It's easy to get lost in a eukaryotic cell. Proteins need to be in the right place at the right time to carry out their functions, but the cell is a crowded place, and the layout isn't exactly simple. Fortunately, the cell has a fairly sophisticated transportation system: if you need to head out of the cell, take the secretory pathway; if your job is to regulate genes, the nuclear shuttle will take you where you need to go.



The protein Htb2 hanging out exactly where it is supposed to be - the nucleus

But how does a protein get on the right track? It all comes down to binding interactions: proteins destined for the nucleus, for example, have a stretch of amino acids that cause them to stick to the nuclear import shuttle. Just which amino acids generate the right stickiness, however, isn't always clear. Scientists would love to be able to determine, just by looking at a protein sequence, which proteins are destined for the nucleus, or any other place in the cell. Sometimes we know that a protein resides in the nucleus, but we don't know which structural features ensure that the protein ends up in the right place.

This is where protein cryptography comes in. In a recent paper, a group of Japanese researchers Keio University figured out how to read the encoded signals in a protein sequence that tell a protein to head for the nucleus. They also figured how the nuclear-import signal can get switched off, in the case of a set of cell division proteins that are only allowed in the nucleus for a limited period.

The nuclear import code is contained within protein sequence like "TPSKKCKYSSGF" "KRARTTGSRSL". Computational biologists have tried to decrypt this code, but with limited success, because there are many possible sequences that will be read out as a nuclear localization signal. The Japanese group showed that what was really necessary was more data - in particular, the right kind of data. That data did not already exist, so they rolled up their sleeves and went to work.

They took the protein sequence AAAAAKRARTTGRSL and systematically varied each position, substituting the original amino acid with each of the other 19 amino acids in turn. (So, for example, that first A was replaced with L, then I, then V, etc). Using Green Fluorescent Protein (GFP), the scientists measured how well each modified sequence acted as a nuclear import signal.

This is like breaking a code by trying every possible combination - except that these researchers got lucky. It turns out that each amino acid in the nuclear localization sequence has an additive effect, so that the researchers did not have to try all 20^15 combinations -  just 20 x 15. In other words, putting an L instead of an A in position 1 has the same effect no matter what the rest of the sequence looks like - each amino acid contributes independently to the nuclear localization sequence. So you can put together a simple scoring system to decide whether a sequence makes a good nuclear localization signal - if there is a G in position 1, add +1 to your score, an R in position 2 gives you +2, etc.

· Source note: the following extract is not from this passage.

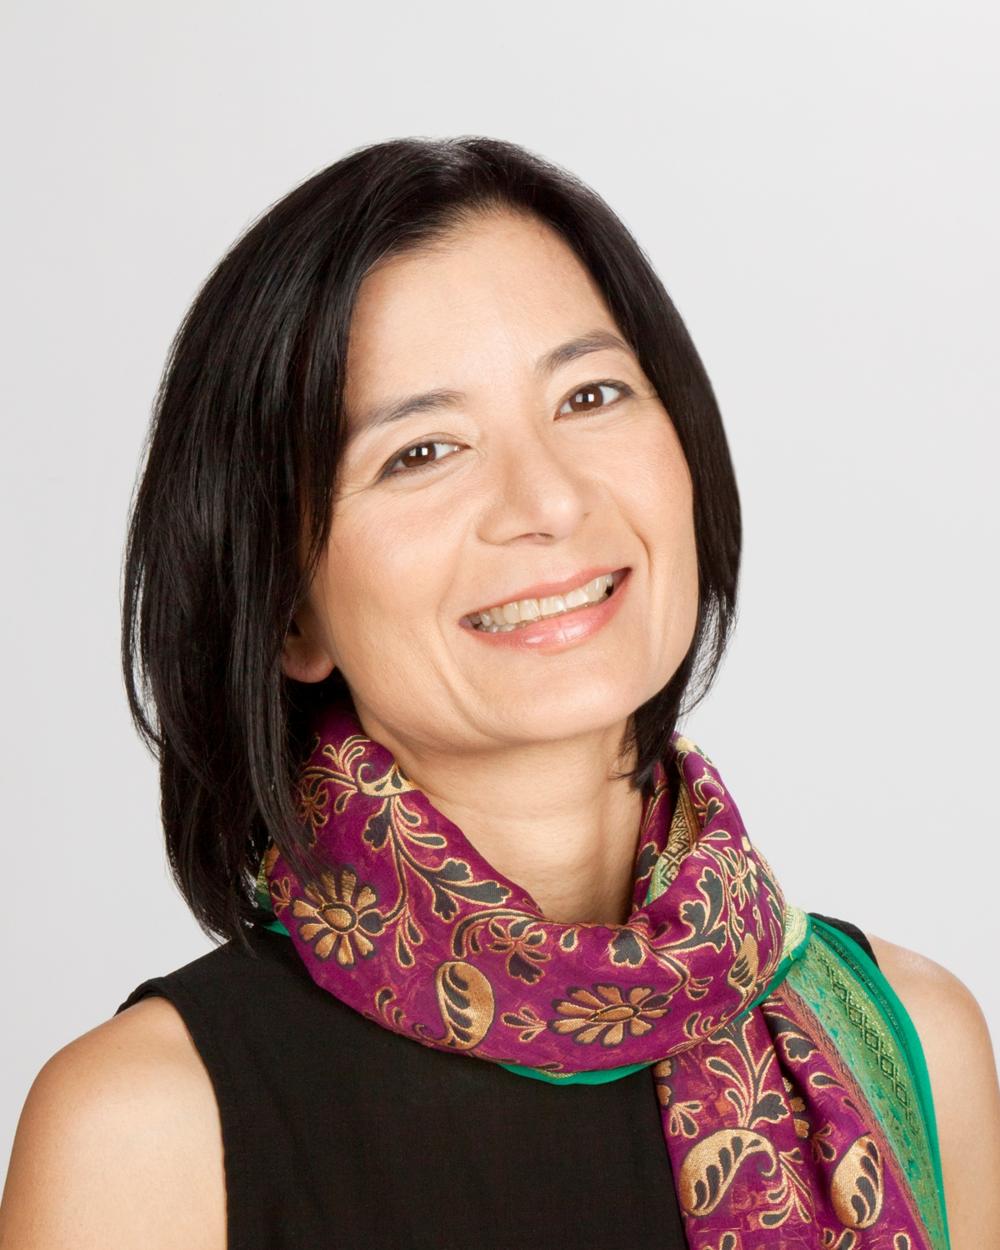 Reeta roy,President & CEO of The MasterCard Foundation

Figuring out one protein code wasn't enough for these guys, so they went on and looked for instances of a layered code: nuclear localization signals that get modified by phosphates put on by a kinase protein called Cdk1. Cdk1 likes to pop phosphates on the S of the protein sequence S (or T)-P-X-R (or K), with X in this case representing any amino acid. This Cdk1 site can modify the nuclear localization signal: when you add a phosphate to the S, the nuclear localization signal is masked, and the protein is sent packing out of the nucleus into the cytomplasm. So, when a protein is needed (say, to regulate a set of genes), the localization signal has no phosphate, and the protein resides in the nucleus. When the job is done, the localization signal is phosphorylated by Cdk1, and the protein gets shuttled out.

The researchers looked for SPXK sites inside of nuclear localization signals, and managed to find a whole slew of proteins that shuttle in and out of the nucleus, in a way that's controlled by Cdk1.

There are several lessons to take away from this paper. 1) Proteins, amazingly, find their way around the dense metropolis of the cell, and this process is almost completely controlled by binding affinities - if you stick to the nuclear import shuttle, you're going to the nucleus; if you don't, you're probably not getting in. (This lesson isn't new, but I find it amazing nonetheless.) 2) Sometimes protein code-breaking requires new data. Instead of building an imperfect code-breaking algorithm, biologists need to get to work and do the experiments to needed to build a better one. This is where the Japanese group outshone several other efforts to decode the nuclear localization signal.